Epidemiology and Infection

Research Article

The transmission dynamics of hepatitis B in the UK: a mathematical model for evaluating costs and effectiveness of immunization programmes

J. R. Williamsa1, D. J. Nokesa1, G. F. Medleya2 and R. M. Andersona1

a1 Wellcome Centre for Epidemiology of Infectious Disease, Department of Zoology, University of Oxford, South Parks Road, Oxford OX1 3PS.

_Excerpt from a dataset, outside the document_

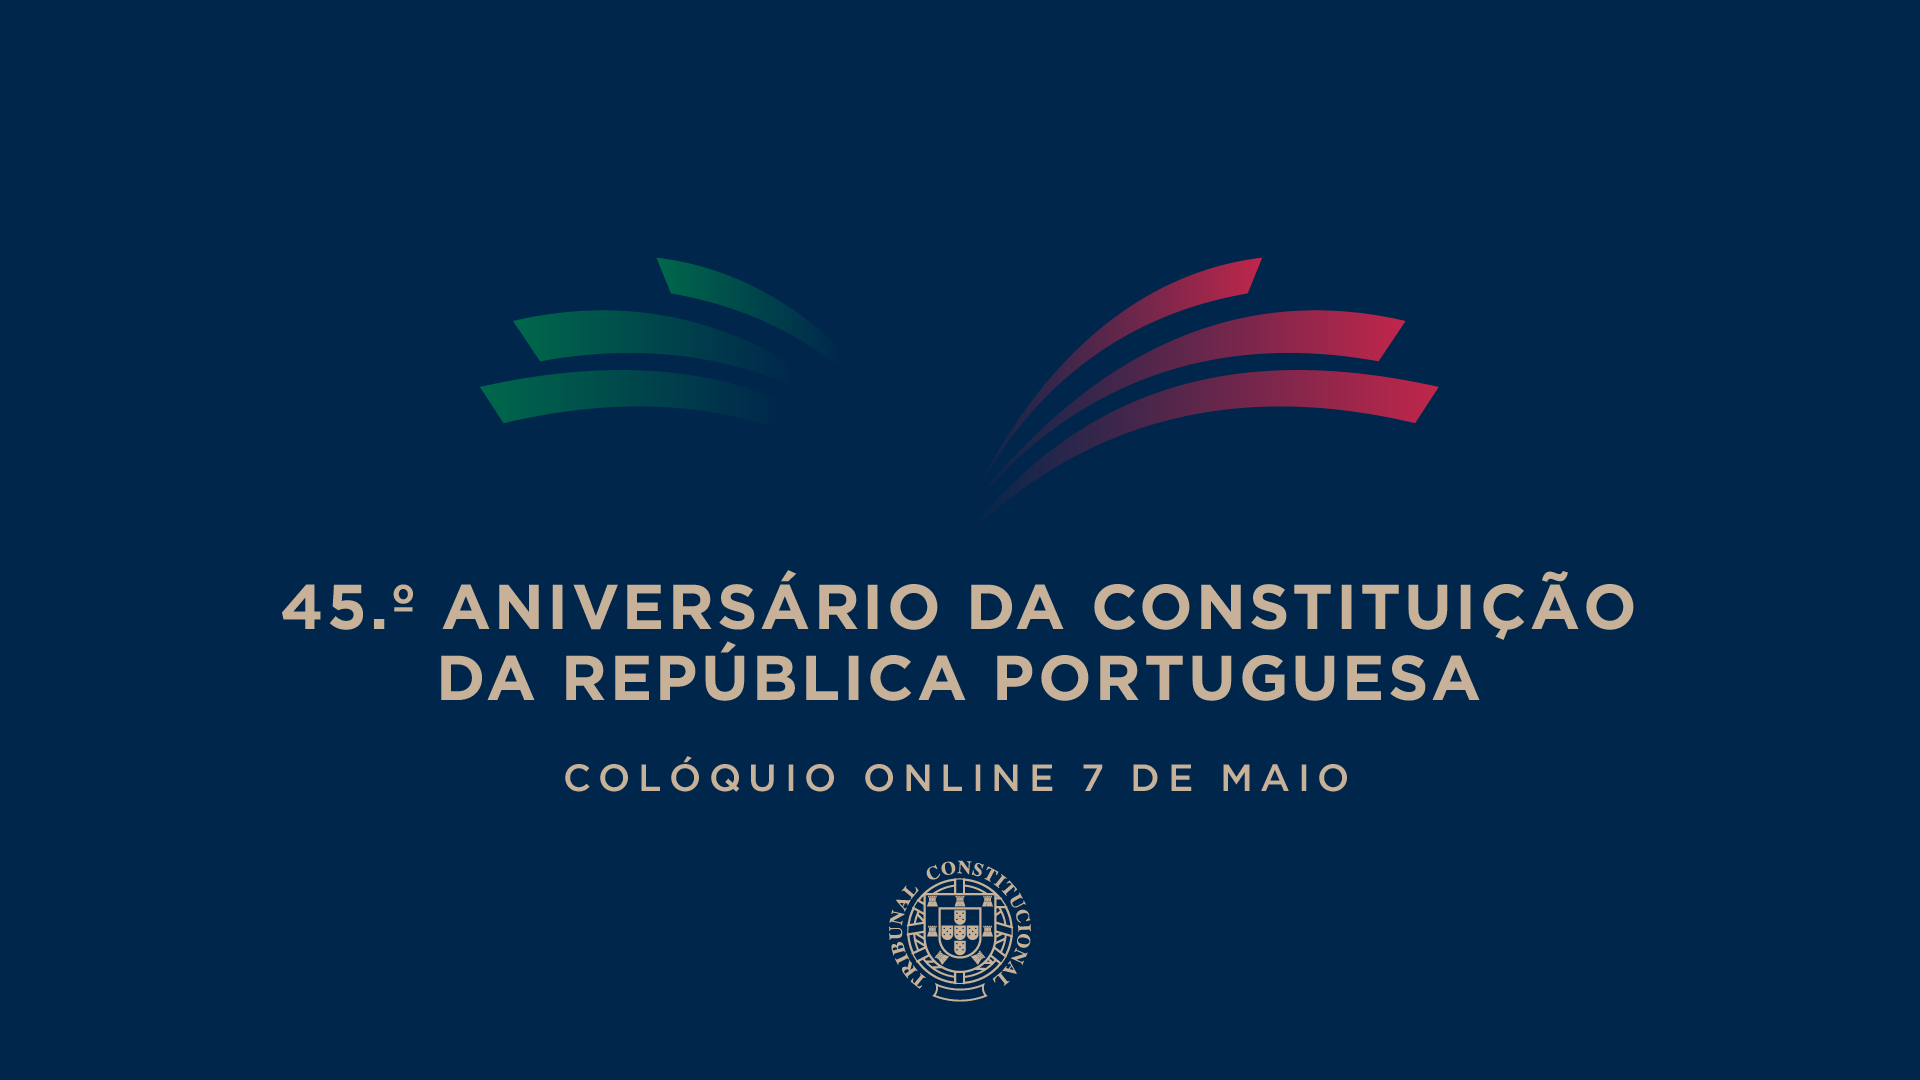 Colóquio Comemorativo do 45.º Aniversário da Constituição da República Portuguesa

a2 Ecosystems Analysis and Management Group, Department of Biological Sciences, University of Warwick, Coventry CV7 7AL

Summary

Complex hepatitis B (HBV) epidemiology makes it difficult to evaluate and compare effectiveness of different immunization policies. A method for doing so is presented using a mathematical model of HBV transmission dynamics which can represent universal infant and adolescent vaccination strategies and those targeted at genito-urinary (GU) clinic attenders and infants born to infectious mothers. Model structure, epidemiological underpinning, and parameterization, are described. Data from the UK National Survey of Sexual Attitudes and Lifestyles is used to define patterns of sexual activity and GU clinic attendance; data deficiencies are discussed, in particular that of UK seroprevalence of HBV markers stratified by age, sex, and risk factors. General model predictions of endemic HBV marker prevalence in homosexual and heterosexual populations seem consistent with published UK data. The simulations exhibit non-linearities in the impact of different vaccination strategies. Estimated number of carriers prevented per vaccine dose for each strategy provides a measure of costs and benefits, varying temporally over the course of a programme, and with level of vaccine coverage. Screening before vaccination markedly increases payback per dose in homosexuals but not in heterosexuals; mass infant vaccination gives the poorest effectiveness ratio and vaccination of infants after antenatal screening the best; in general, increasing vaccine coverage yields lower pay-back per dose. The model provides a useful framework for evaluating costs and benefits of immunization programmes, but for precise quantitative comparison more UK epidemiological data is urgently needed.